What you're doing is just playing each chord tone of the G7 one note at a time. You're not hearing anything that's not in the chord. For a little variety and color play an A note with that arpeggio. Also, try E.

Let's go back to scales and re-ask the original question: what scales will sound good over G7?

C major is a good candidate. Why? G7 is found in the C major scale (among other scales). In other words, every note in G7 can be found in the C major scale.

Yet, there's a dissonance if you use C major over G7: the C note. Play the C over the G7 and listen. As mentioned in a previous tip, this note wants to resolve to B.

So you've found one scale with a dissonant note and now you say, "Well maybe there's a scale that contains the notes in G7 but doesn't have the dissonant C." You learn a bit of theory and you come up with this scale: G pentatonic. We presented this in a previous tip, so we're going to zip over to yet another scale: D melodic minor.

Believe it or not, you can use melodic minor scales in at least 4 different ways to play over dominant chords. Let's take a look.

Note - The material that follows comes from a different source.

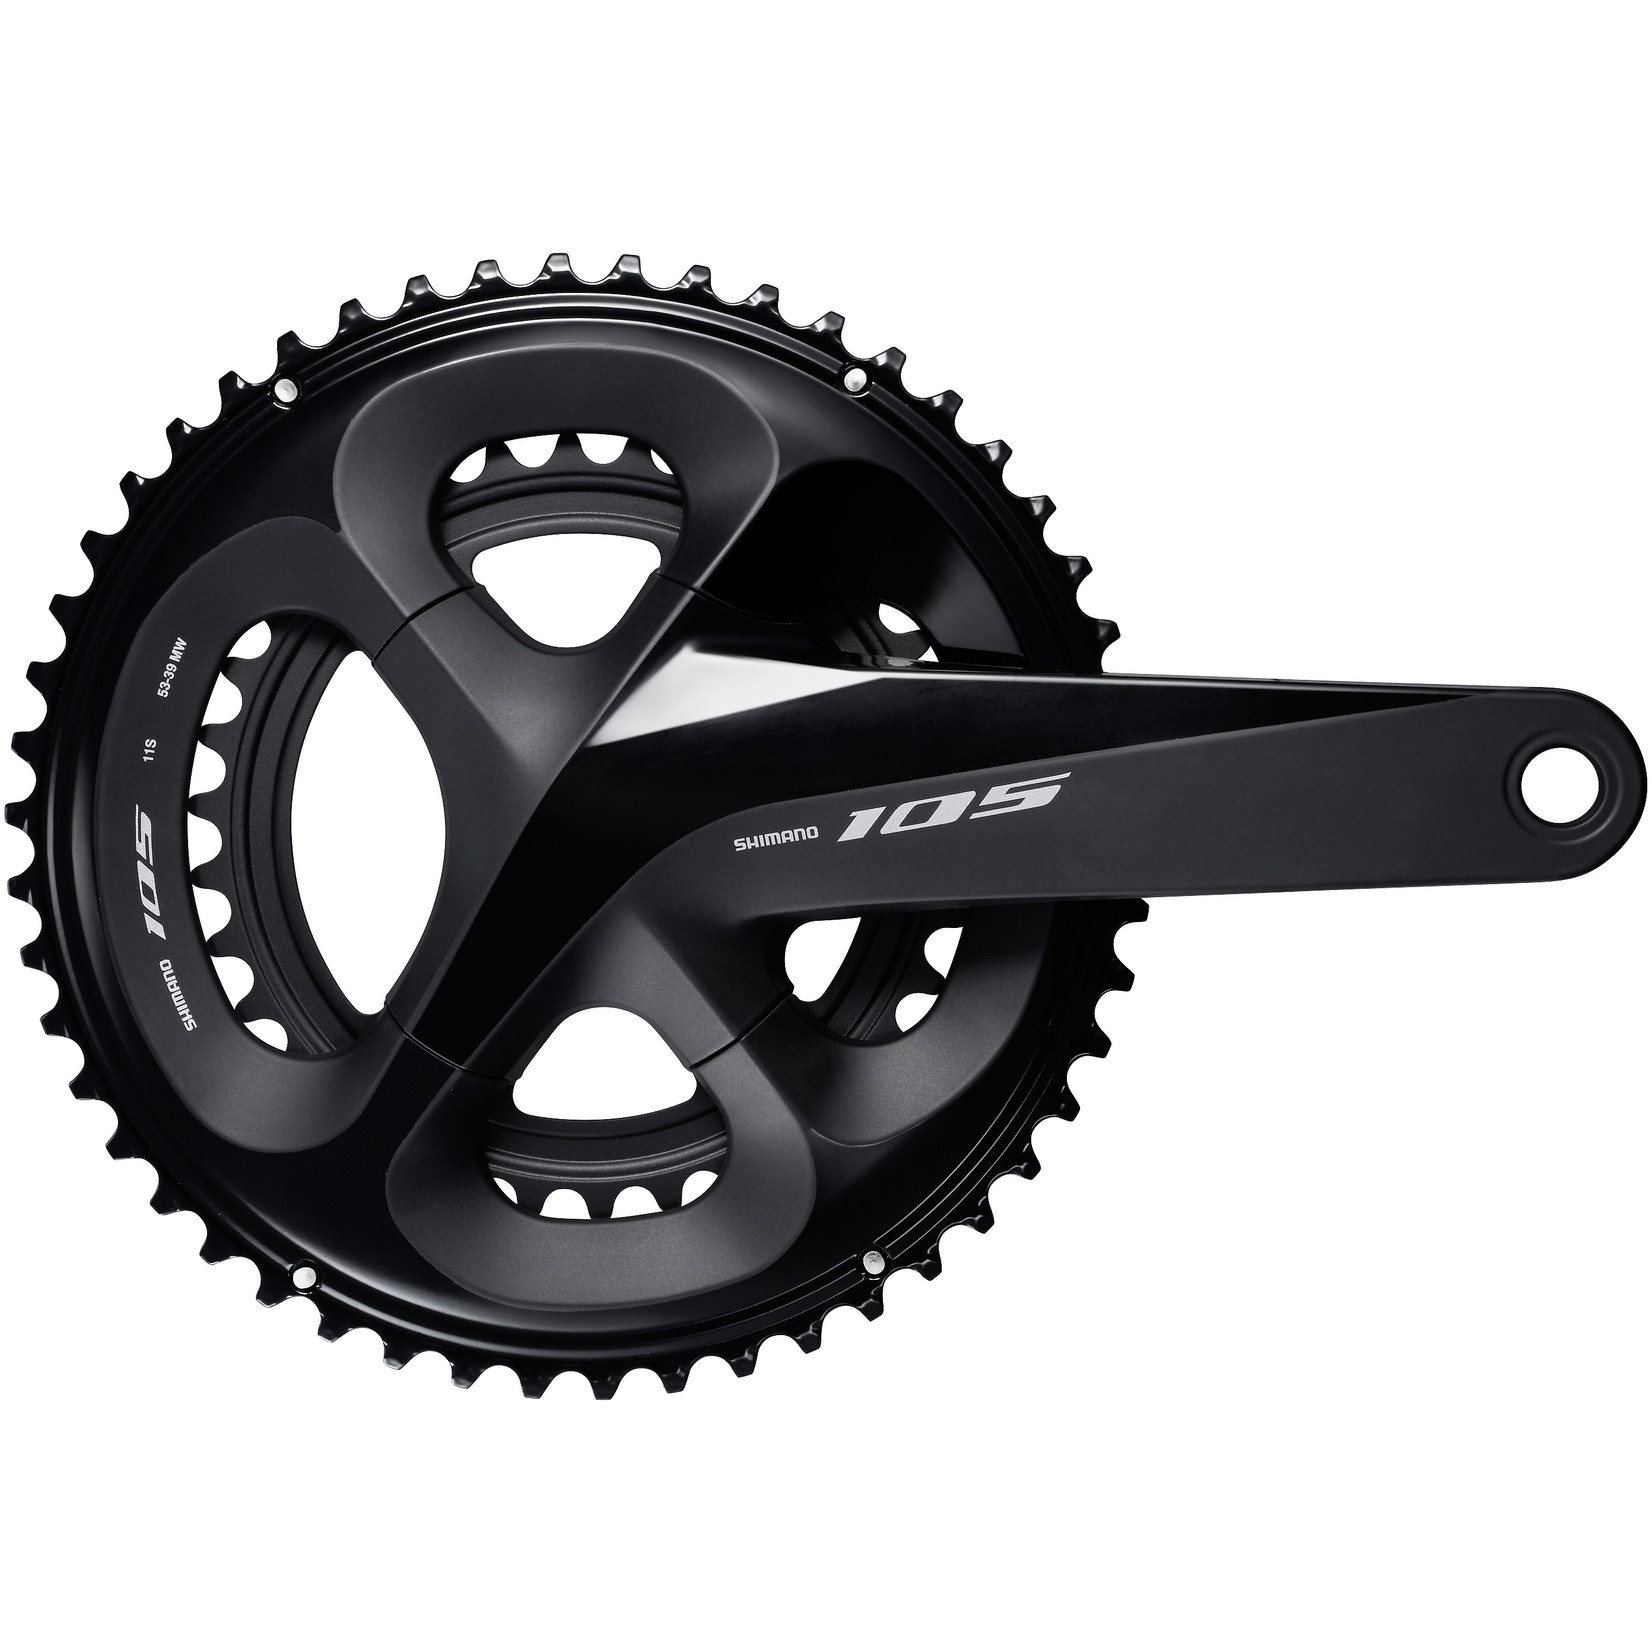 Shimano FC-R7000 105 Double Chainset HollowTech II 172.5MM 50/34T Black

The melodic minor scale for soloing

Let's touch base with our original question: what scales to play over dominant 7 chords?

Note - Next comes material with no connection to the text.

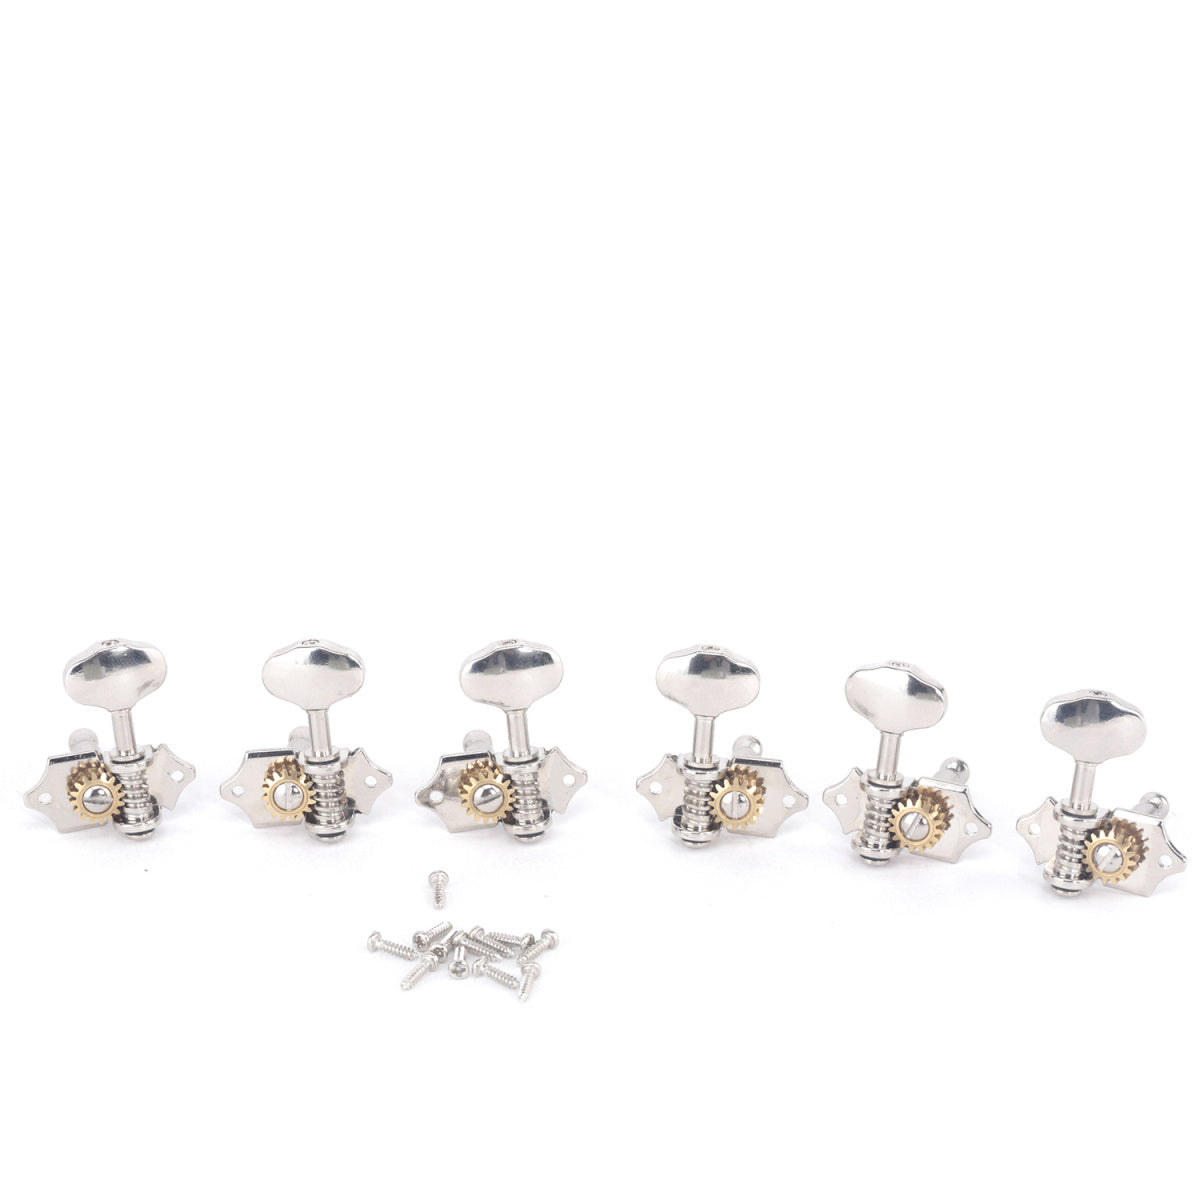 Musiclily Pro 3+3 Vintage Acoustic Guitar Machine Heads Tuning Pegs Keys Tuners Set, Nickel with Metal Button

We're working with this one-chord progression, which we've recorded into Band-in-a-Box or a tape recorder or something similar:

||: G7 :||

And let's take look at a single melodic minor pattern to solo with. But before we do that, a bit of explanation on what the melodic minor scale is. Super simple explanation, though a big difference in sound: the melodic minor scale is just a major scale with its major third turned into a minor third. Example:

C Major: C D E F G A B C Melodic minor: C D Eb F G A B

And here's a pattern for D melodic minor. Why D melodic minor? Hang tight: play first and we'll answer questions in a bit.

|------------------|--------------------|
|--------------2-3-|-3-2----------------|
|----------2-4-----|-----4-2------------|
|----2-3-5---------|---------5-3-2------|
|--5---------------|---------------5----|
|------------------|--------------------|

Get acquainted with this pattern and play it over the G7 chord. If you already know a few major scales, this pattern is real close to one you know: the D major scale. As just mentioned, there's just one note difference between the major and melodic minor scales.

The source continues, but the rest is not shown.